I have 2 nubian does that I have been milking for 2 years.  One of them has decided that doesn't want to get on the stanchion or be milked.  She has always been my eager one, always jumps right up on the stanchion so she can eat and get milked.  The last 2 days she will not get up and doesn't even want me to touch her udders.  We recently bought a buck and I know she is in season, would this cause her to act like this?  She is acting good, eating hay and forage, drinking and such just doens't want to be milked.  It is very frustrating because she is SOOOO full.  Any imput would be appreciated.


----------



## ksalvagno (Sep 28, 2012)

I would take her temperature and also really check over her udder good. Find a way to get her up on the stand and use 2 people if you have to to hold her feet on the ground. Then get her milked out. I would be worrying about mastitis. Even in heat, my does have never given me a problem with milking so that is why I would suspect something else is going on.


----------



## jaborseth (Sep 28, 2012)

Thanks for the suggest, here is an update, got her milked out after quite a struggle and took her temp.  Her udders look completely normal, no lumps, bumps or bruises and her temp was normal.  Hoping maybe she is just in a mood and will get back to normal in the next few days.  I am really hope this isn't going to be her new normal.........ugh.


----------



## ksalvagno (Sep 28, 2012)

I take it the milk was normal too? Have you tasted the milk?

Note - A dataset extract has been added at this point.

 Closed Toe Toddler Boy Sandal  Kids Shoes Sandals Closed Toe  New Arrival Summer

If it is salty tasting, that is also a sign of mastitis.

I would think if this is from her being in heat that it will go away as soon as she is out of heat.


----------



## jaborseth (Sep 28, 2012)

The milk was normal, that is good info about he taste, I haven't heard that before.  Something to keep an eye on in the future.


----------



## daisychick (Sep 28, 2012)

My doe that has been milked since March just recently for the first time kicked over the milk bucket.   :/  I couldn't figure out why she had such a bad attitude all of a sudden.  Well come to find out she was in heat!!  She had a bad mood and was kicky for 3 days and then BAM right back to her old calm self.  I think hormones might make them not cooperate for those few days of their heat cycle.  I haven't had a problem with her at all on the milk stand since.


----------



## Queen Mum (Sep 28, 2012)

I have a sneaking feeling that does, like humans are not only crabby during a heat cycle, but the udder might get a little tender too.  Like with PMS.  

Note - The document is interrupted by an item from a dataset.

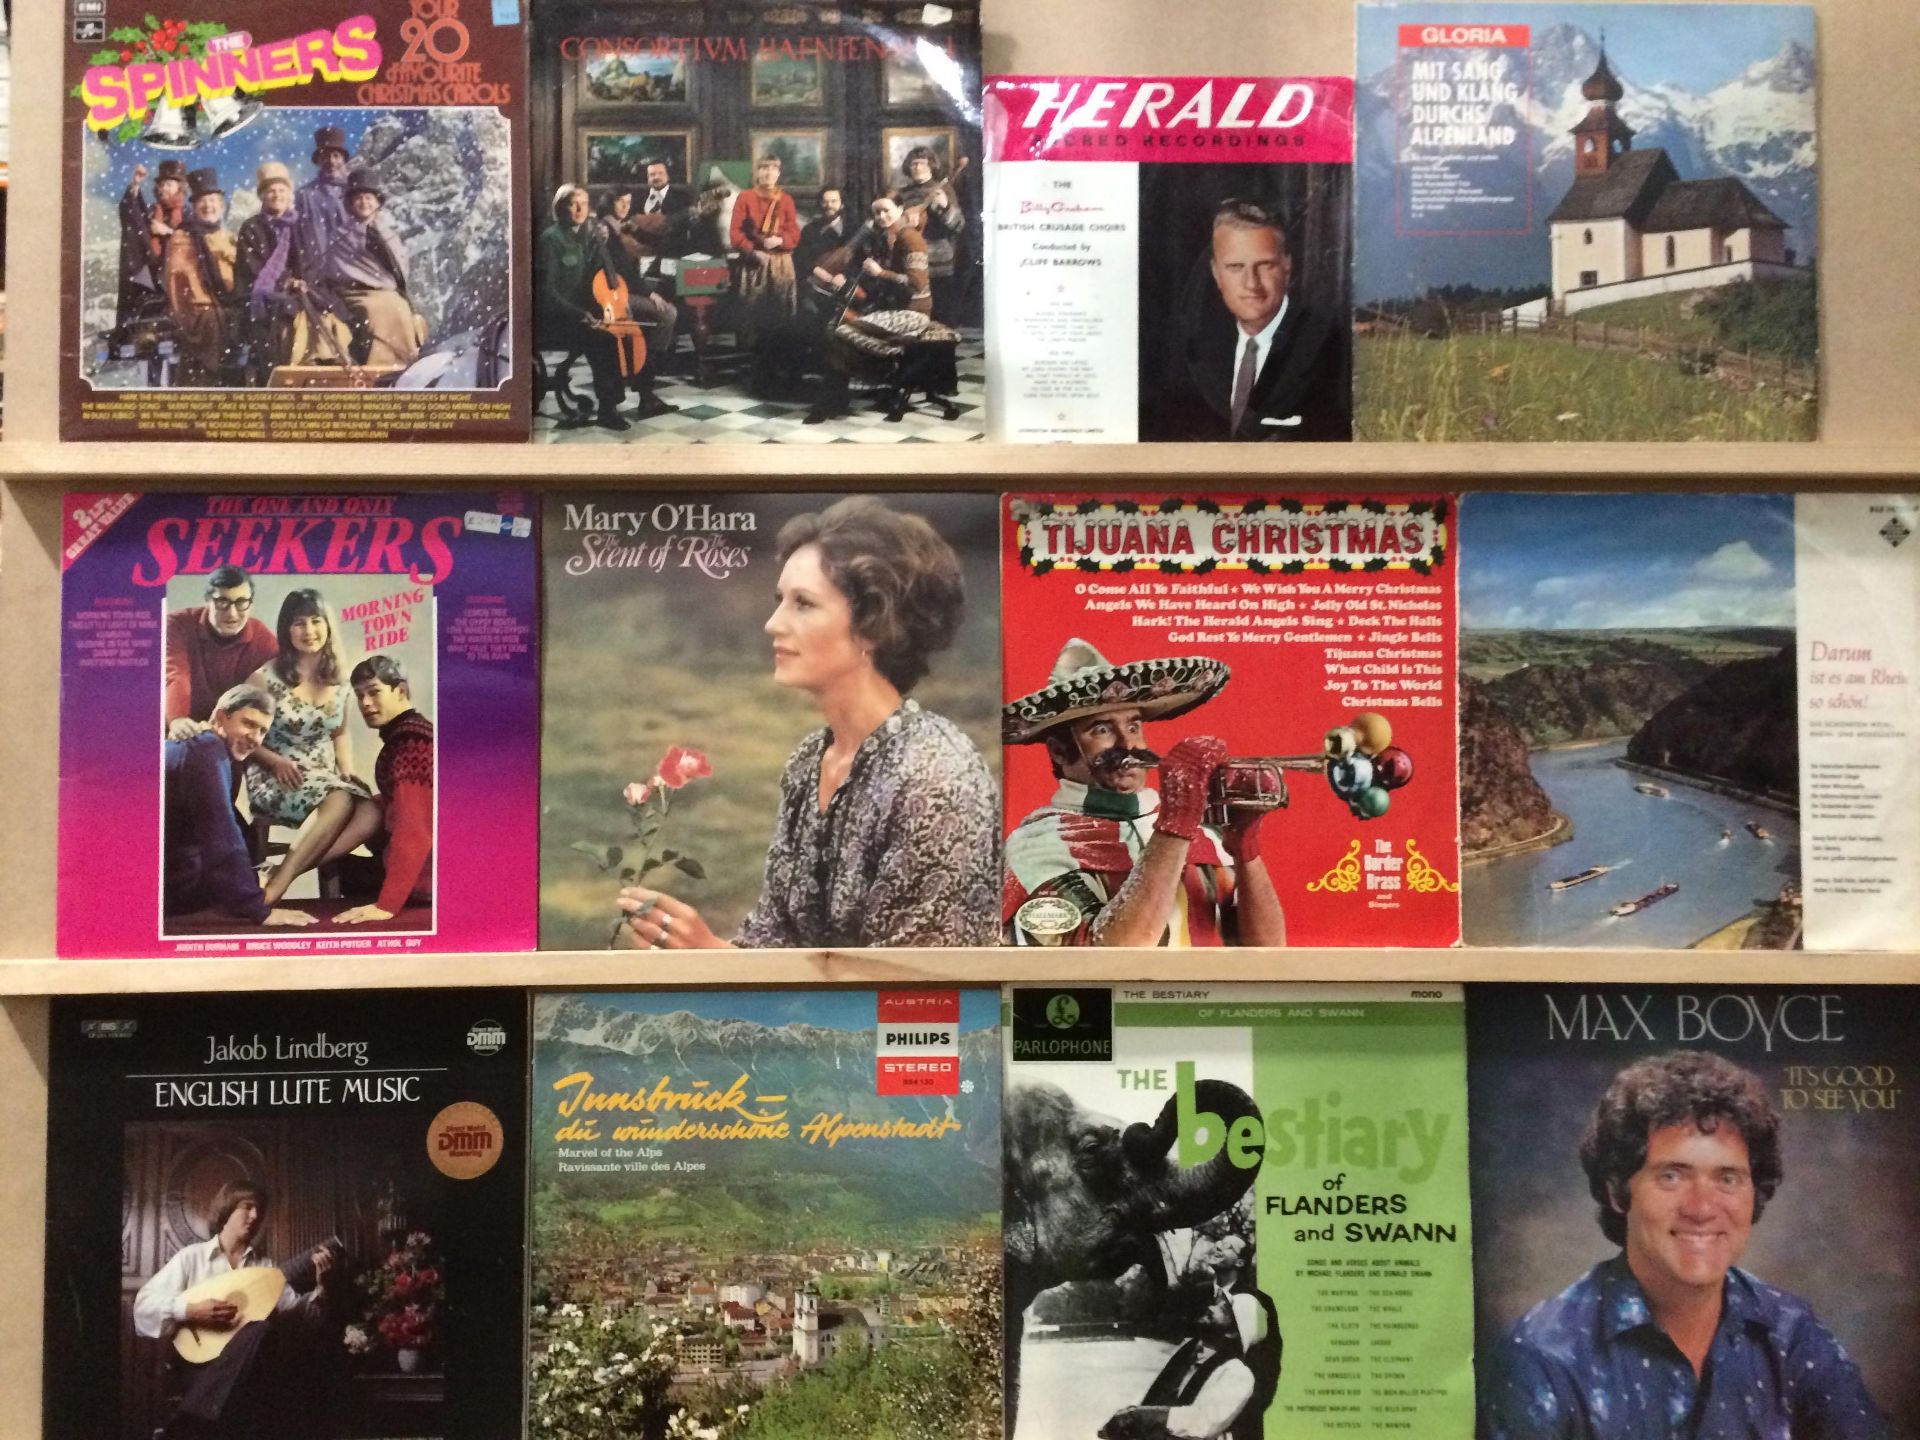 Contents to green plastic box - approximately 70 assorted LPs - many Spinners and other folk music,

So there she is,  "DON'T TOUCH ME,  I'm not in the MOOD!  My udder is tender and you want to MILK ME?  Get aWAY!"


----------



## jaborseth (Sep 29, 2012)

Queen mum I have a feeling you are right about the udders being tender and it probably doesn't help that her milk production has picked up quite a bit in the last week.  I don't think she is used to being that full and that probably contributed to the tenderness.  I appreciate all the info from everyone.


----------